Plugging in \(\pi_i = \frac{\exp\{\mathbf{x}_i^\mathsf{T} \boldsymbol\beta\}}{1+\exp\{\mathbf{x}_i^\mathsf{T} \boldsymbol\beta\}}\), we get

\[ \begin{aligned} \log L(\boldsymbol{\beta} \mid \mathbf{X}, \mathbf{y}) = \sum_{i=1}^n &y_i \log\left(\frac{\exp\{\mathbf{x}_i^\mathsf{T}\boldsymbol{\beta}\}}{1 + \exp\{\mathbf{x}_i^\mathsf{T}\boldsymbol{\beta}\}}\right) \\ &+ (1 - y_i)\log\left(\frac{1}{1 + \exp\{\mathbf{x}_i^\mathsf{T}\boldsymbol{\beta}\}}\right) \end{aligned} \]

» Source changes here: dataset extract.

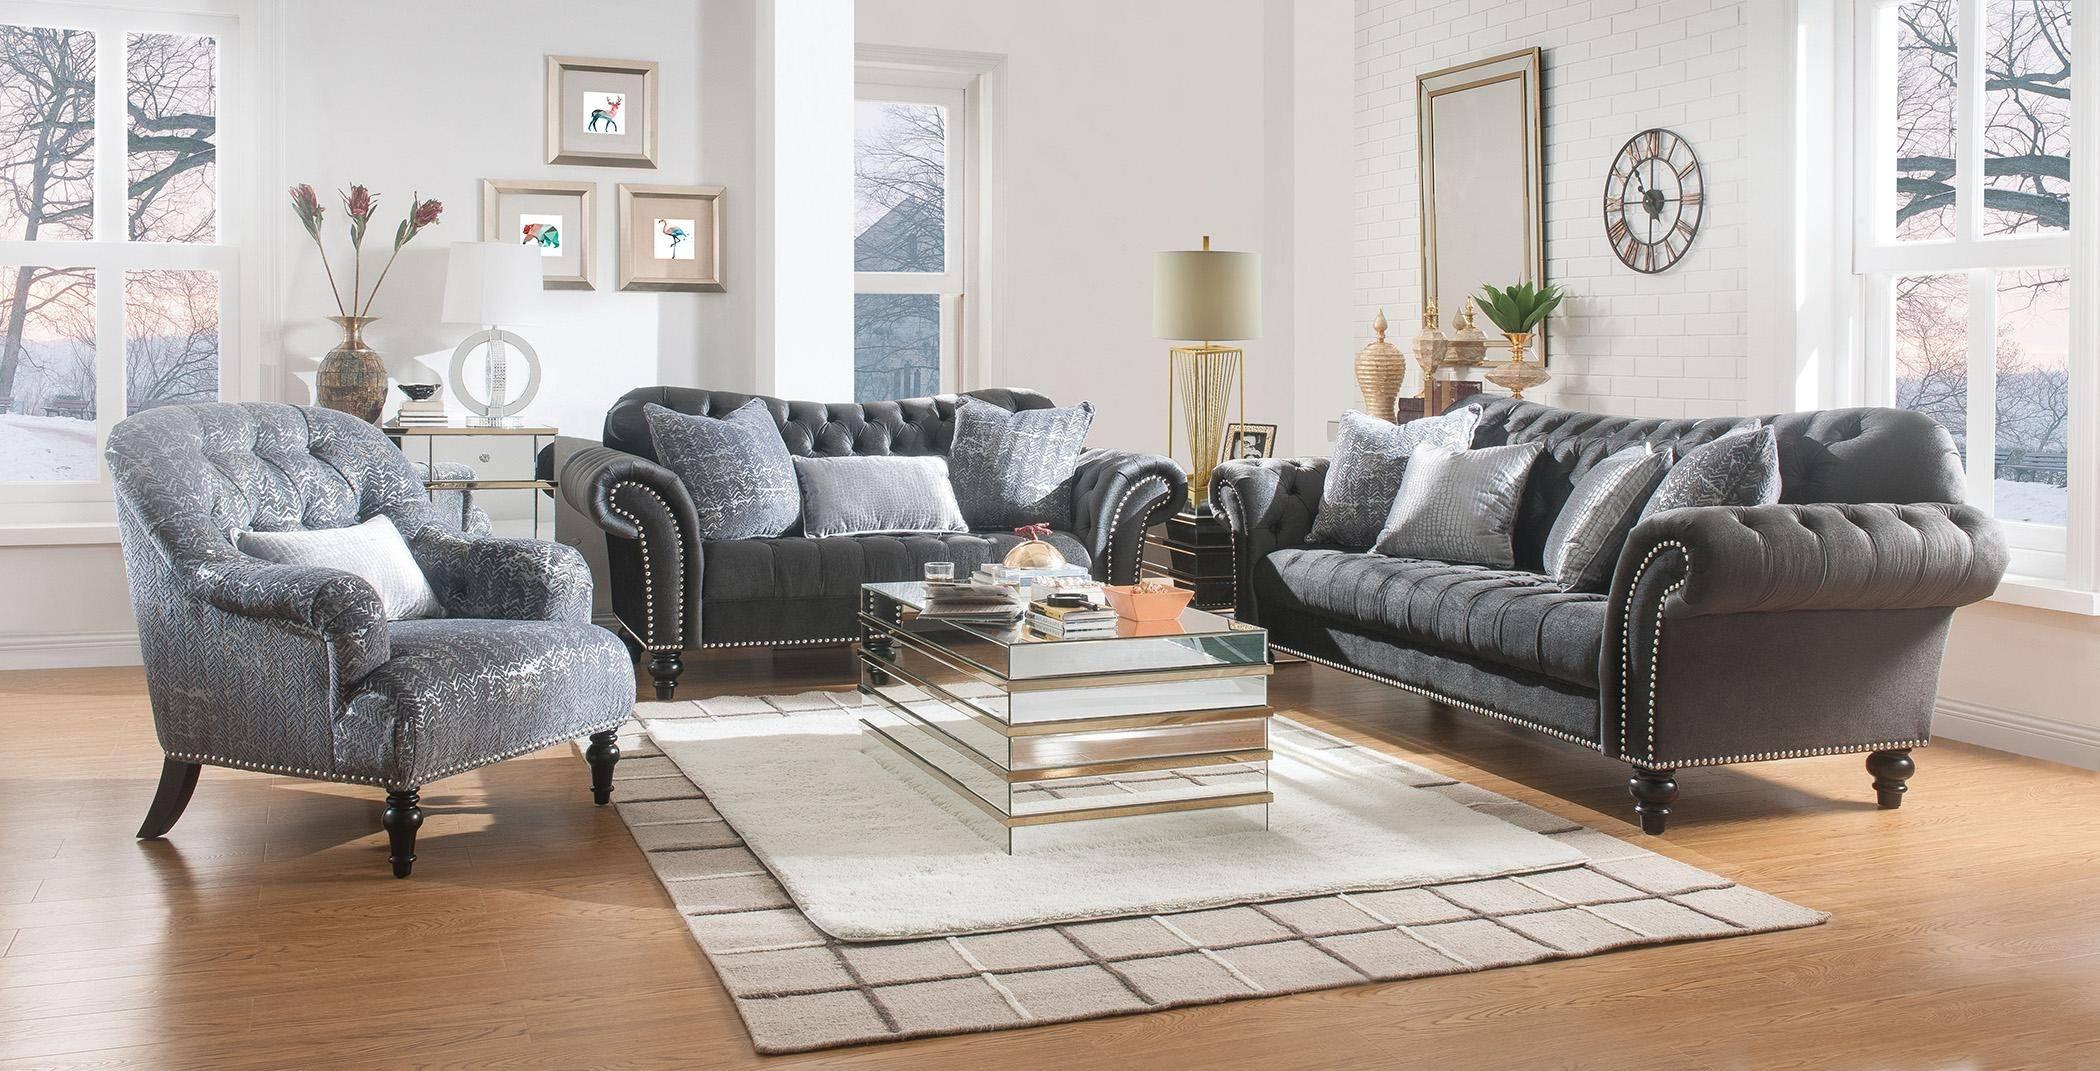 acme gaura sofa in dark gray fabric

\[= \sum_{i=1}^n y_i \mathbf{x}_i^\mathsf{T} \boldsymbol\beta - \sum_{i=1}^n \log(1+ \exp\{\mathbf{x}_i^\mathsf{T} \boldsymbol{\beta}\})\]

Finding the MLE

  • Taking the derivative:

\[ \begin{aligned} \frac{\partial \log L}{\partial \boldsymbol\beta} =\sum_{i=1}^n y_i \mathbf{x}_i^\mathsf{T} &- \sum_{i=1}^n \frac{\exp\{\mathbf{x}_i^\mathsf{T} \boldsymbol\beta\} \mathbf{x}_i^\mathsf{T}}{1+\exp\{\mathbf{x}_i^\mathsf{T} \boldsymbol\beta\}} \end{aligned} \]

. . .

  • If we set this to zero, there is no closed form solution.

. . .

  • R uses numerical approximation to find the MLE.

Logistic regression in R

heart_disease_fit <- glm(high_risk ~ age + education, 
                         data  = heart_disease, 
                         family = "binomial", 
                        control = glm.control(trace = TRUE)) # just to show estimation 
Deviance = 3336.175 Iterations - 1
Deviance = 3300.661 Iterations - 2
Deviance = 3300.136 Iterations - 3
Deviance = 3300.135 Iterations - 4
Deviance = 3300.135 Iterations - 5


#stop printing for future models
untrace(glm.fit)

Logistic regression in R

heart_disease_fit <- glm(high_risk ~ age + education, 
                         data  = heart_disease, 
                         family = "binomial")
term estimate std.error statistic p.value
(Intercept) -5.385 0.308 -17.507 0.000
age 0.073 0.005 13.385 0.000
education2 -0.242 0.112 -2.162 0.031
education3 -0.235 0.134 -1.761 0.078
education4 -0.020 0.148 -0.136 0.892

\[ \begin{aligned} \log\Big(\frac{\hat{\pi}_i}{1-\hat{\pi}_i}\Big) =& -5.385 + 0.073 \times \text{age}_i - 0.242\times \text{education2}_i \\ &- 0.235\times\text{education3}_i - 0.020 \times\text{education4}_i \end{aligned} \] where \(\hat{\pi}_i\) is the predicted probability an individual is high risk of having heart disease in the next 10 years

Interpretation in terms of log-odds

term estimate std.error statistic p.value
(Intercept) -5.385 0.308 -17.507 0.000
age 0.073 0.005 13.385 0.000
education2 -0.242 0.112 -2.162 0.031
education3 -0.235 0.134 -1.761 0.078
education4 -0.020 0.148 -0.136 0.892

education4: The predicted log-odds of being high risk for heart disease are 0.020 less for those with a college degree compared to those with some high school, holding age constant.

. . .

WarningInterpretation in practice

We generally do not use the log-odds interpretation in practice.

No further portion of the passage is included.